Actually, first they got the controller design they wanted, although Nartron obtained and retained a patent on the system. Then Schuka got another supplier, Borg Indak, to deliver the system. THEN they got the pain in the neck; Nartron sued Indak for contributory infringement. You might think that Schuka might have had the foresight to obtain the right to sublicense the patent for the purposes of procuring the parts, but that’s a different story.

As is almost par for the course, Indak fought back by claiming Nartron’s patent was invalid. The interesting twist was Indak’s motion for summary judgement; in it, Indak stated that one of Schuka’s employees (Benson) was an unnamed inventor, and the District Court agreed, essentially shutting down the infringement suit.

On appeal, the CAFC said “not so fast”. Just because Benson suggested using a “lumbar extension” to perform the in-seat massage didn’t mean he had contributed in a substantive, inventive way to the invention, which, after all, was the controller that drove the existing seat mechanisms. The court’s words are important for us to remember;

“One who simply provides the inventor with well-known principles or explains the state of the art without ever having a firm and definite idea of the claimed combination as a whole does not qualify as a joint inventor.”
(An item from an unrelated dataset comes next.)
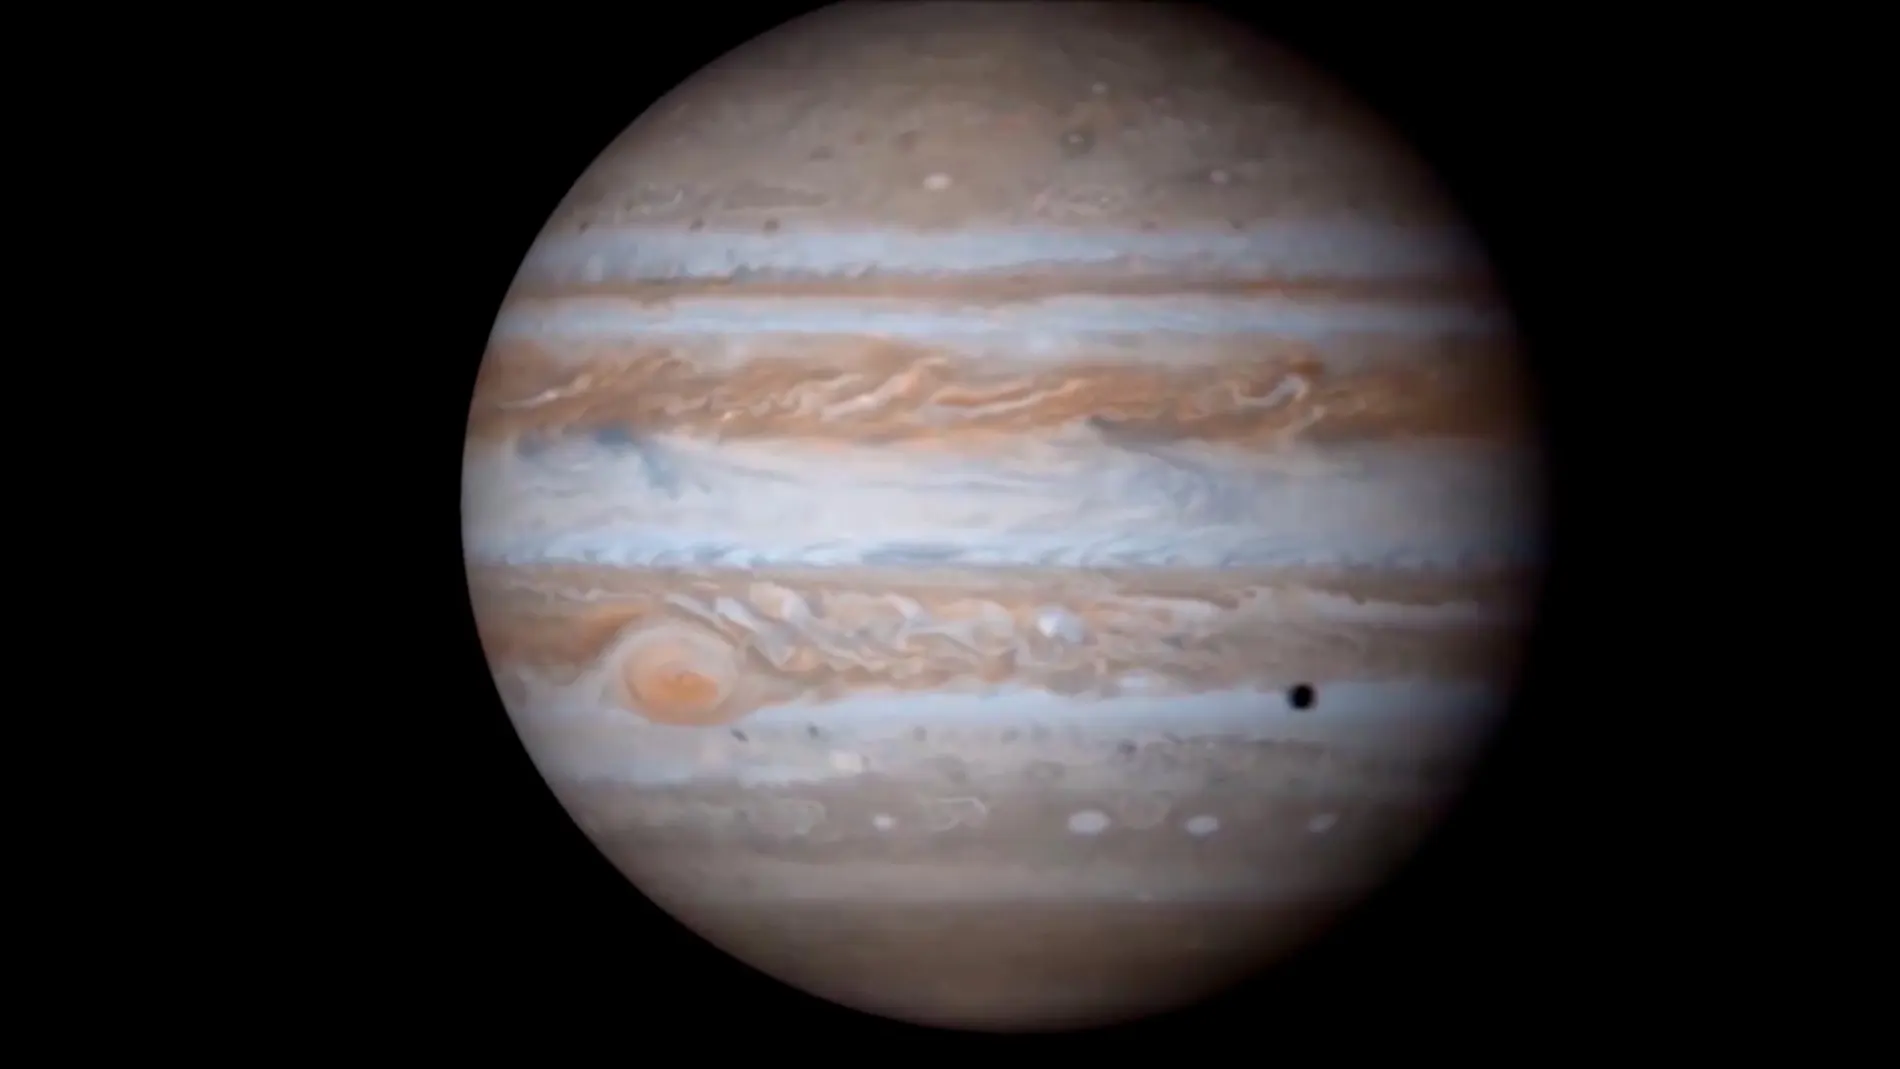 Júpiter será visible a simple vista la noche del 10 de Junio

Moreover, a joint inventor must “contribute in some significant manner to the conception or reduction to practice of the invention [and] make a contribution to the claimed invention that is not insignificant in quality, when that contribution is measured against the dimension of the full invention.”

In this case it was clear to the court that the invention was the controller, which could operate on any car seat that had the motion mechanisms in place and that Benson had only pointed out to the real inventors that the lumbar extender was one of the available, prior art, mechanisms. Further, the CAFC said “Benson is not entitled to co-inventorship by simply posing the result to Nartron and leaving it to Nartron to figure out how to accomplish it.

So, when naming the inventors on a patent application, make sure that the individuals have made a substantive contribution to the actual invention and not just pointed out how the invention might be used with existing products. Otherwise you might rub the CAFC the wrong way.